Agricultural BIOstock

Agricultural residues are the largest available lignocellulosic biorefinery feedstock resource. Current production is concentrated where grain is grown, in the Midwest and Great Plains. Researchers have concluded that, within limits, residue removal can be sustainable and crop residues could be an additional revenue source for farmers.

Dedicated biomass crops include grasses and short-rotation trees. Grasses are widely planted for forage and conservation purposes. New varieties that produce sustained high biomass yields with relatively low nutrient inputs have already been developed. The deep roots, perennial nature, and high nutrient-use efficiencies of some warm-season grasses increase the probability of dependable yields.

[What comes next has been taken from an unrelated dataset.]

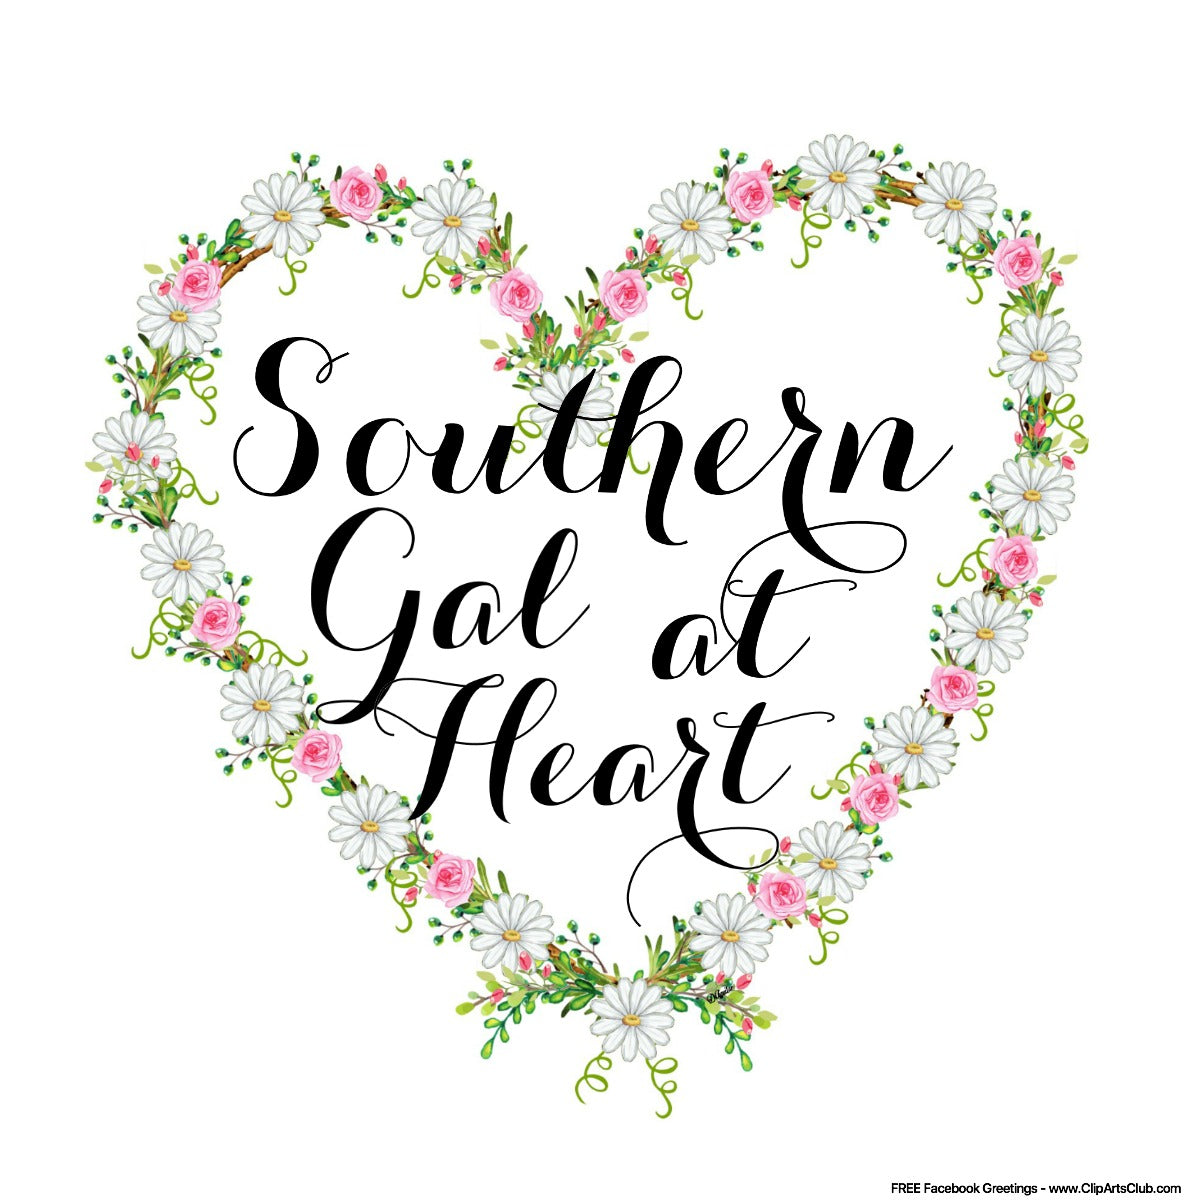 Southern Gal At Heart Facebook Greeting

Benefitsfrom the Bioenergy Producers Association

Conversion technologies (CTs) present new opportunities for farmers and dairymen, both in the management of wastes and in the development of new industries:

  • CTs can mitigate regulatory challenges by turning waste materials, such as agricultural residues and manures, into products, such as distributed energy, ethanol, chemicals, and fertilizers.
  • CT “biorefineries” present new fuel and chemical markets for existing crops and residues, and new agribusiness opportunities through the integration of dedicated energy crops.
  • Biorefineries and biobased manufacturing provide new avenues for rural economic development.
  • CTs help to create a post-petroleum agricultural platform through the use of environmentally benign biochemical alternatives and soil phytoremediation.